Objective: In this study, we constructed a recombinant Escherichia coli (E. coli) strain to produce hemolytic phospholipase C and optimized the fermentation conditions.
Methods: We screened a high phospholipase C activity strain, Pseudomonas aeruginosa (P. aeruginosa) 41, through yolk borax plate method, and cloned the hemolytic phospholipase C gene (plcH) from it. The plcH was inserted into pET-28a (+) and then obtained the recombinant expression plasmid (pET28a-plcH). We selected the correct recombinant plasmid and transformed it into E. coli BL21 (DE3). Furthermore, we determined the PLC activity and hemolytic activity in positive transformants on yolk borax plate and columbia blood agar plate. Finally, we optimized the fermentation conditions.
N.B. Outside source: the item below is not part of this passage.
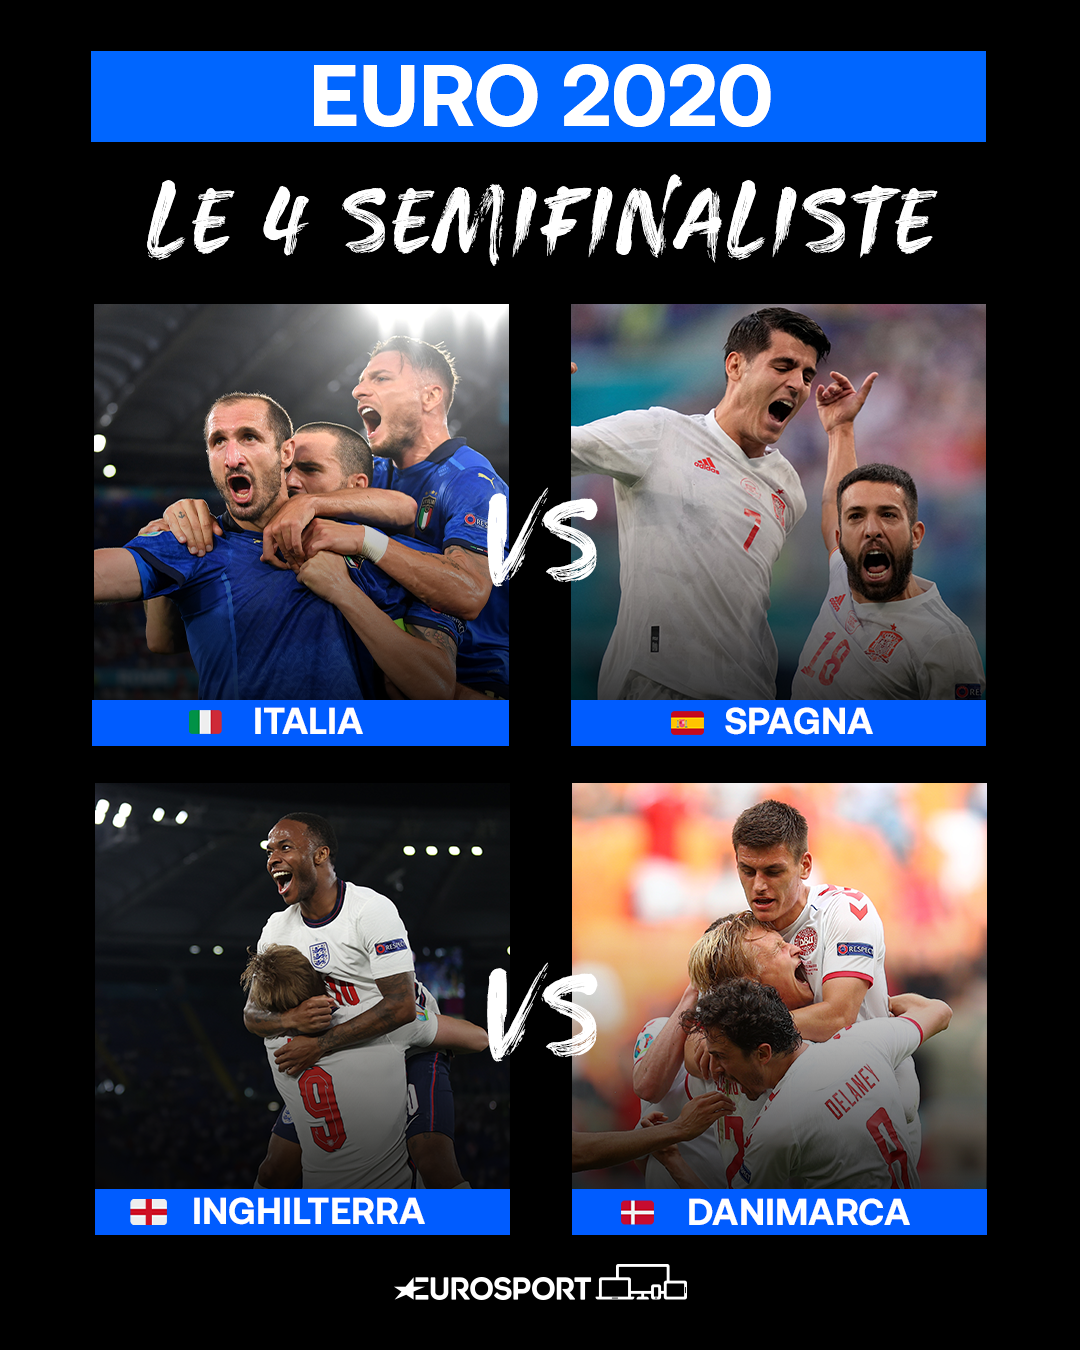 https://i.eurosport.com/2021/07/03/3166833.png
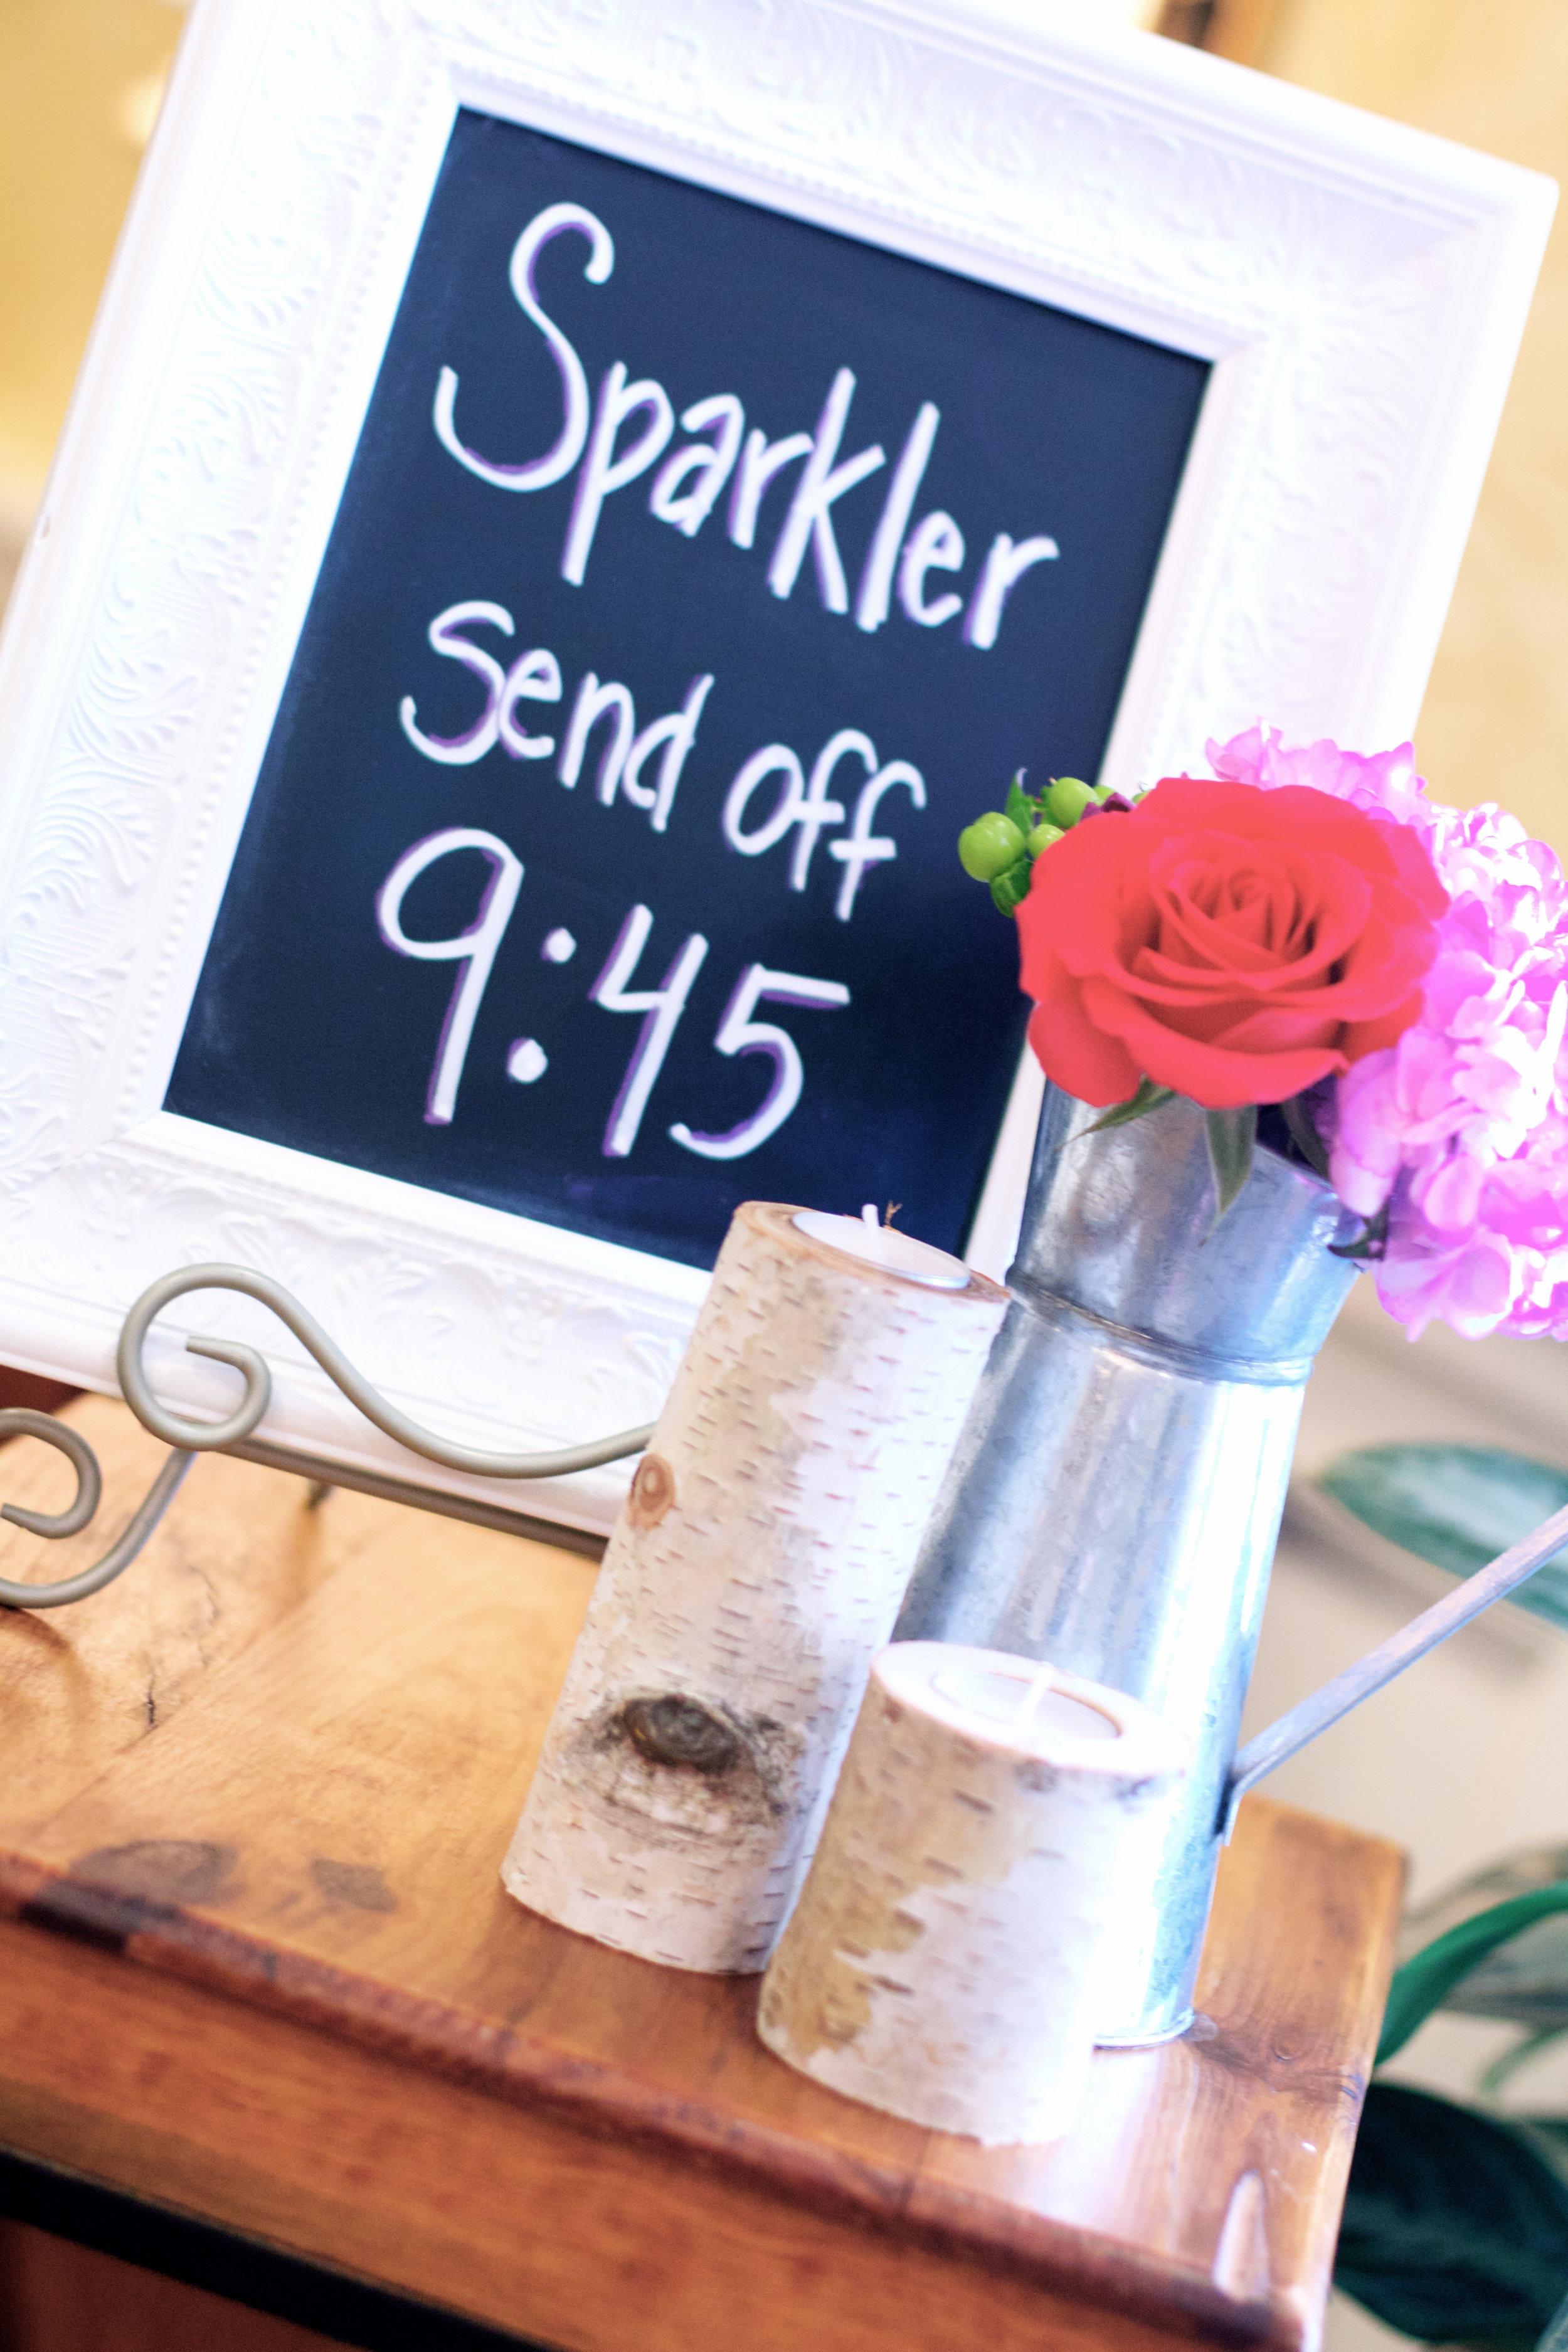 sparkler-sendoff-decor

Results: We successfully constructed a recombinant E. coli strain (E. coli BL21 (DE3)/pET28a-plcH) that showed significant phospholipase C activity. Moreover, hemolytic phospholipase C of the recombinant strain showed strong hemolytic activity. The enzyme activity of phospholipase C was 722.9 +/- 0.47 U/mL with 5% of inoculation amount, 200 r/min for 4 hours at temperature of 37, induced by 0.9 mmol/L IPTG for 14 hours.
Conclusion: We constructed a recombinant E. coli strain with high hemolytic phospholipase C activity under optimized fermentation conditions. It is the first time in domestic to successfully clone and express phospholipase C gene from P. aeruginosa in E. coli. These research results are helpful to advance the industrialization and application of phospholipase C.